WHAT YOU HAVE TO DO –
The output should consist solely of the line containing "Nuvens de encontro a um céu azul" and all lines after it through the final line of the entries below, reproduced exactly.

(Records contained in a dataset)
[Start of Attachment]

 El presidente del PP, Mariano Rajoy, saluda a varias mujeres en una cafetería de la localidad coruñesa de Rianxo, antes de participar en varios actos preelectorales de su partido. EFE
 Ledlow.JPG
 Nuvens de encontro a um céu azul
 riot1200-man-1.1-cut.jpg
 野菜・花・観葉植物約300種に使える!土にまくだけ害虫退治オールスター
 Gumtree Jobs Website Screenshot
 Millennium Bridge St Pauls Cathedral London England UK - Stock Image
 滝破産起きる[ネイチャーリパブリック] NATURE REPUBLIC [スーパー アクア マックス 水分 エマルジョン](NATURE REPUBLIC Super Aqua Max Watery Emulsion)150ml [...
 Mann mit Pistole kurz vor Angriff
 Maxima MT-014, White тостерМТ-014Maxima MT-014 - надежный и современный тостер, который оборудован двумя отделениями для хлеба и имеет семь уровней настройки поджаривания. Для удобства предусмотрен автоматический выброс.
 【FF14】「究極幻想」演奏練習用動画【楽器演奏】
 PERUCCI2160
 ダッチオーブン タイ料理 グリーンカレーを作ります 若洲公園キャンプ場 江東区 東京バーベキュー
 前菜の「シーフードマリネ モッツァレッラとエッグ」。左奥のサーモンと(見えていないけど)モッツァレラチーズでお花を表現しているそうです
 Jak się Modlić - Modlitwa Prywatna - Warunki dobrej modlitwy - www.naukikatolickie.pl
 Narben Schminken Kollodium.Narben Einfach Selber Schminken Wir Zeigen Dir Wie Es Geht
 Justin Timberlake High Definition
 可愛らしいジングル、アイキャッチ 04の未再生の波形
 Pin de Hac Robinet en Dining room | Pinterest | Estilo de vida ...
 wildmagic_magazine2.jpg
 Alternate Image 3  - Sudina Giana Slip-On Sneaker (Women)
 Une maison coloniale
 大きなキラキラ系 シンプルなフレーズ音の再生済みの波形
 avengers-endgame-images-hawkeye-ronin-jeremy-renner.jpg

[End of Attachment]

ANSWER BOX –
 Nuvens de encontro a um céu azul
 riot1200-man-1.1-cut.jpg
 野菜・花・観葉植物約300種に使える!土にまくだけ害虫退治オールスター
 Gumtree Jobs Website Screenshot
 Millennium Bridge St Pauls Cathedral London England UK - Stock Image
 滝破産起きる[ネイチャーリパブリック] NATURE REPUBLIC [スーパー アクア マックス 水分 エマルジョン](NATURE REPUBLIC Super Aqua Max Watery Emulsion)150ml [...
 Mann mit Pistole kurz vor Angriff
 Maxima MT-014, White тостерМТ-014Maxima MT-014 - надежный и современный тостер, который оборудован двумя отделениями для хлеба и имеет семь уровней настройки поджаривания. Для удобства предусмотрен автоматический выброс.
 【FF14】「究極幻想」演奏練習用動画【楽器演奏】
 PERUCCI2160
 ダッチオーブン タイ料理 グリーンカレーを作ります 若洲公園キャンプ場 江東区 東京バーベキュー
 前菜の「シーフードマリネ モッツァレッラとエッグ」。左奥のサーモンと(見えていないけど)モッツァレラチーズでお花を表現しているそうです
 Jak się Modlić - Modlitwa Prywatna - Warunki dobrej modlitwy - www.naukikatolickie.pl
 Narben Schminken Kollodium.Narben Einfach Selber Schminken Wir Zeigen Dir Wie Es Geht
 Justin Timberlake High Definition
 可愛らしいジングル、アイキャッチ 04の未再生の波形
 Pin de Hac Robinet en Dining room | Pinterest | Estilo de vida ...
 wildmagic_magazine2.jpg
 Alternate Image 3  - Sudina Giana Slip-On Sneaker (Women)
 Une maison coloniale
 大きなキラキラ系 シンプルなフレーズ音の再生済みの波形
 avengers-endgame-images-hawkeye-ronin-jeremy-renner.jpg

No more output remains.